Great Moments in Bringing Democracy to the World: Turkey and the U.S. slaughter some Kurds

September 25, 2006 by  

Hello everyone, and welcome to “Great Moments in Bringing Democracy to the World” the blog that asks the question: “Hey, why do you morons hate us, anyway?”

In today’s episode, we look back on “Turkey’s war on the Kurds.” Here, we look back to the year 1999. Ricky Martin’s “Livin’ La Vida Loca” had everyone wishing they were Latin, while the U.S. helped bring Democracy to Turkey, one dead and/or homeless Kurd at a time.

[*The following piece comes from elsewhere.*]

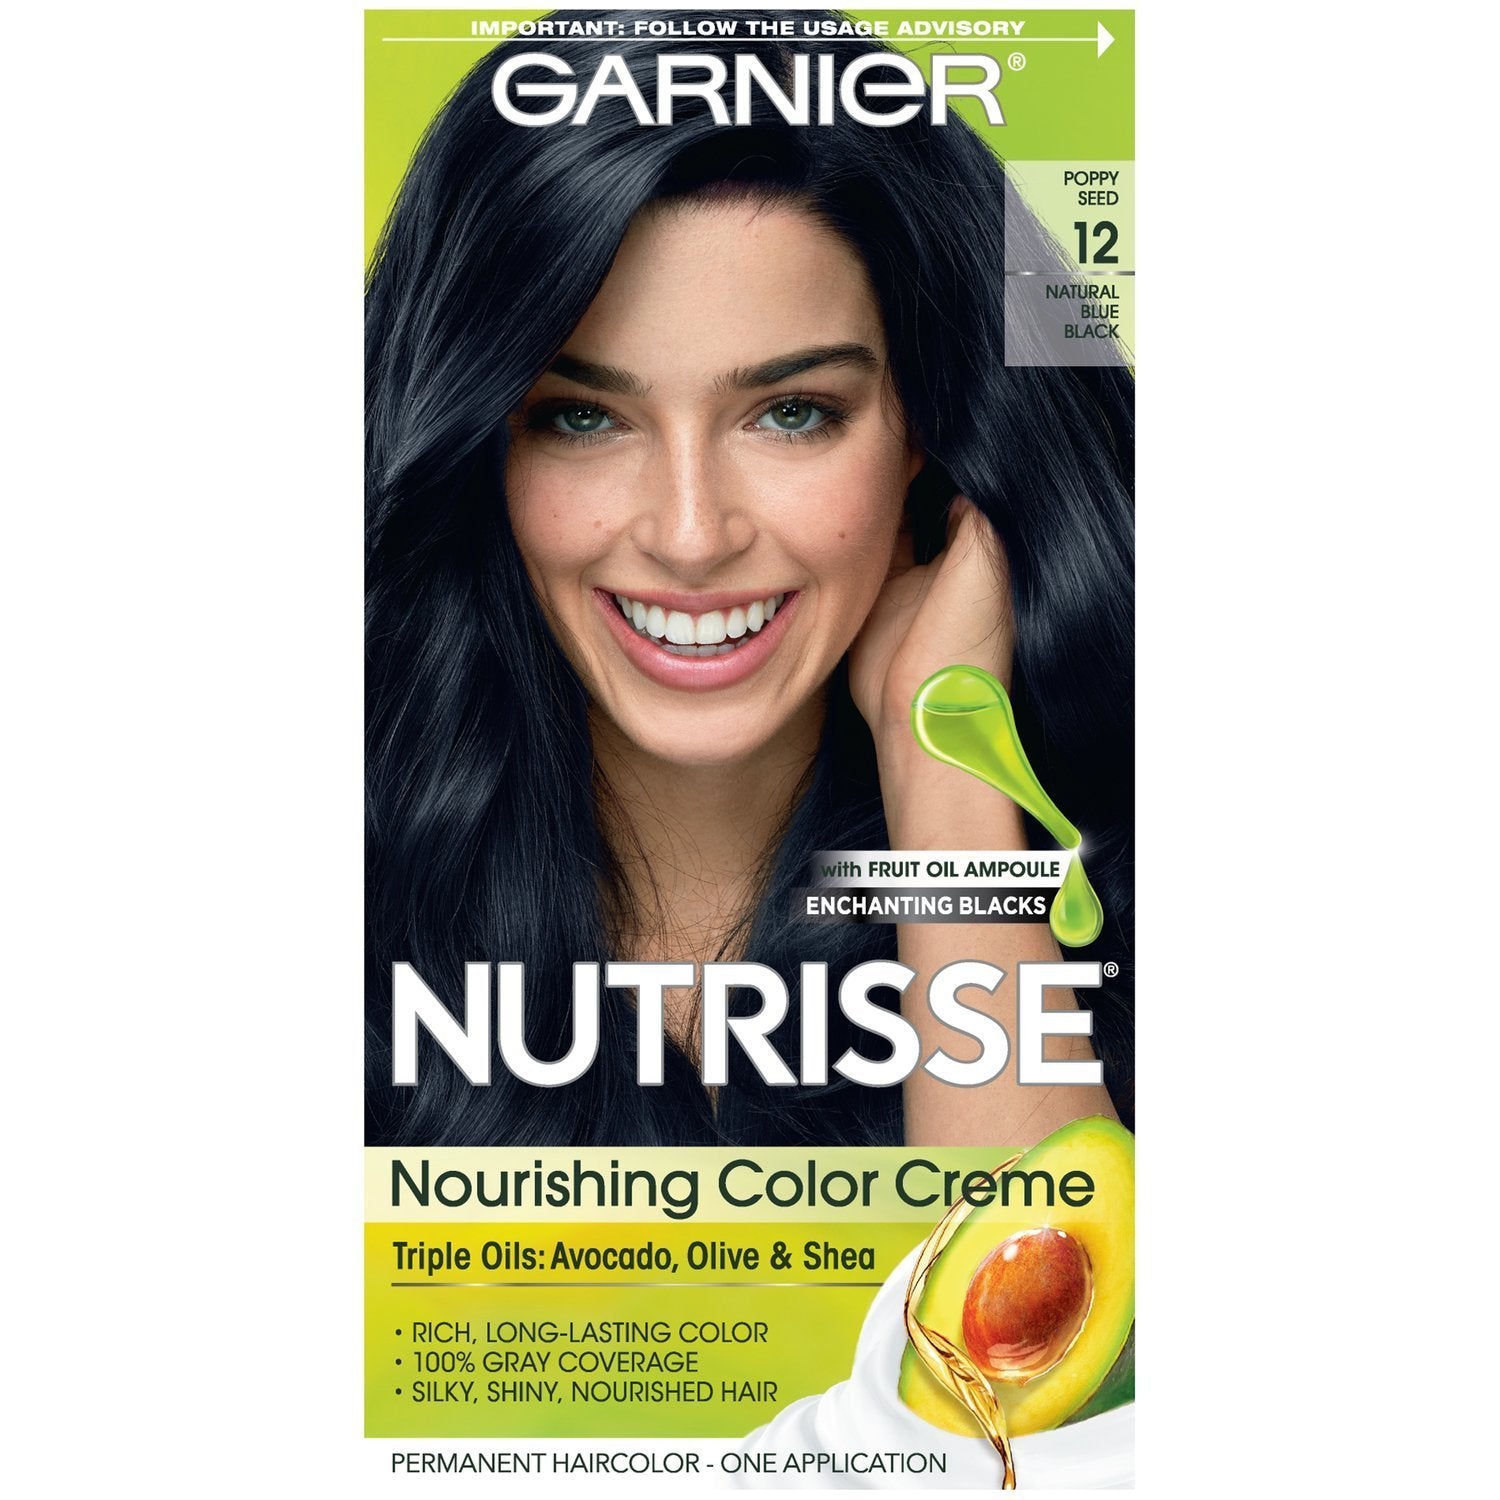 Garnier Nutrisse Nourishing Hair Color Creme, 12 Natural Blue Black, 1 kit-CaribOnline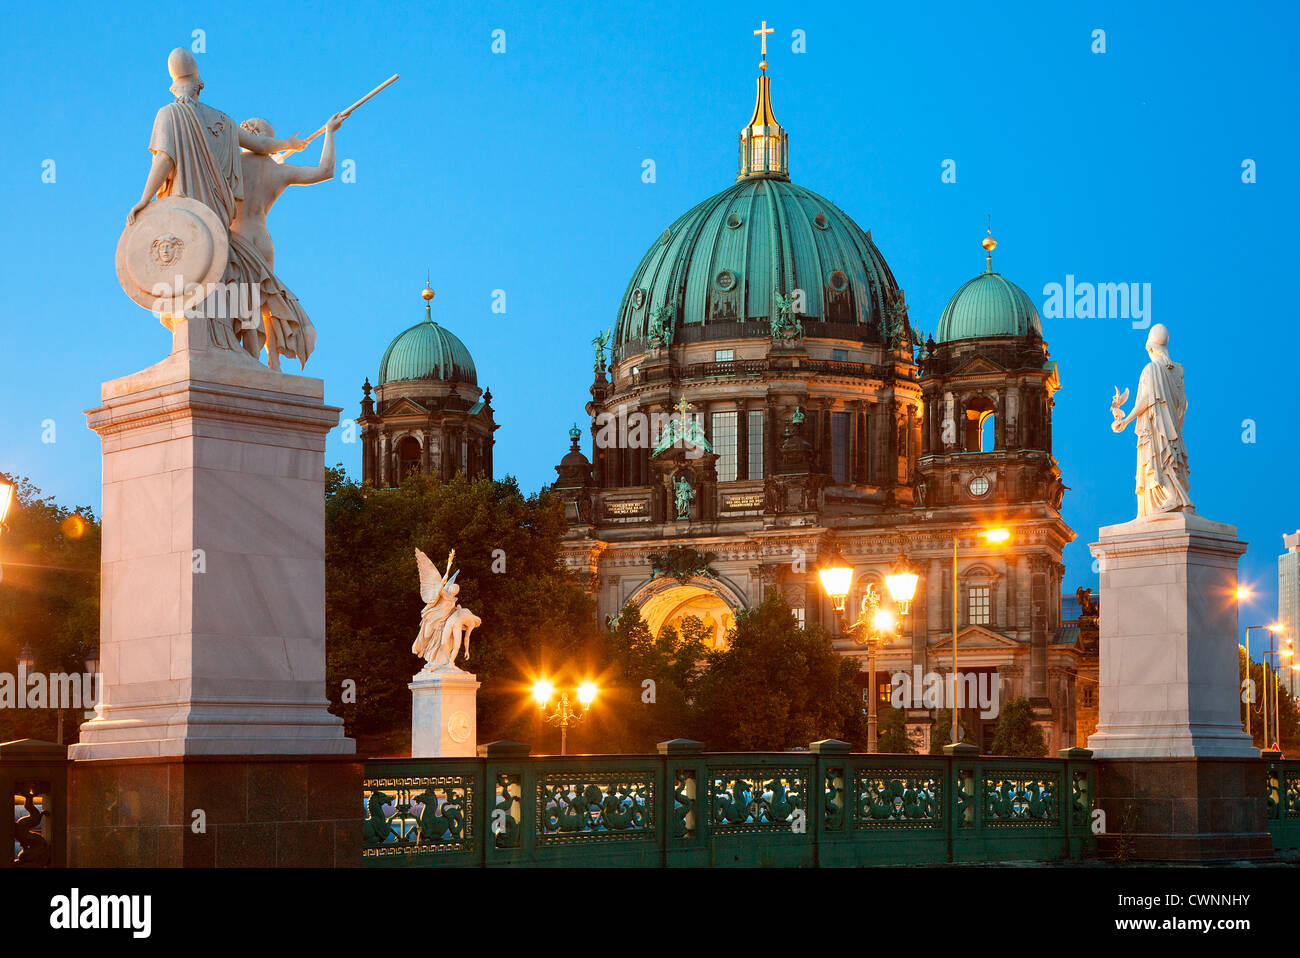 L'Europe, Allemagne, Berlin, la cathédrale de Berlin au crépuscule Banque D'Images

From Bulletin of the Atomic Scientists:

Since 1980 the United States has sold or given Turkey-a NATO ally-$15 billion worth of weapons. In the last decade the Turkish army has leveled, burned, or forcibly evacuated more than 3,000 Kurdish villages. That is roughly three-quarters the number of Kurdish settlements destroyed in Iraq in the 1980s during Saddam Hussein’s infamous “Anfal” campaign, when the West was arming Iraq and turning a blind eye to widespread human rights violations.

Turkish justice

The administration conceded that the Turkish policy had forced more than two million Kurds from their homes. Some of the villages were evacuated and burned, bombed, or shelled by government forces to deprive the PKK of a “logistical base of operations,” according to the State Department report, while others were targeted because their inhabitants refused to join the “village guards,” a brutal military tactic-patterned on the Vietnam-era “model villages” program-that requires civilian Kurds to fight Kurdish guerrillas.

Human Rights Watch, the New York-based watchdog group, said the State Department had issued only “half conclusions” in its report, so as to avoid offending the Turkish government. Human Rights Watch, which has also criticized the PKK rebels for serious rights violations, said the U.S.-supplied Turkish army was “responsible for the majority of forced evacuation and destruction of villages.”

In a 1998 interview, John Shattuck, the assistant secretary of state for human rights, defended U.S. arms deliveries to Turkey. Shattuck, a one-time professor at Harvard and a former member of the advisory board at Amnesty International, said that although abuses against Kurds were “a matter of grave concern” to the United States, Turkey’s human rights record was improving. And in any case, he added, “I don’t think the United States is responsible for Turkey’s internal policies.”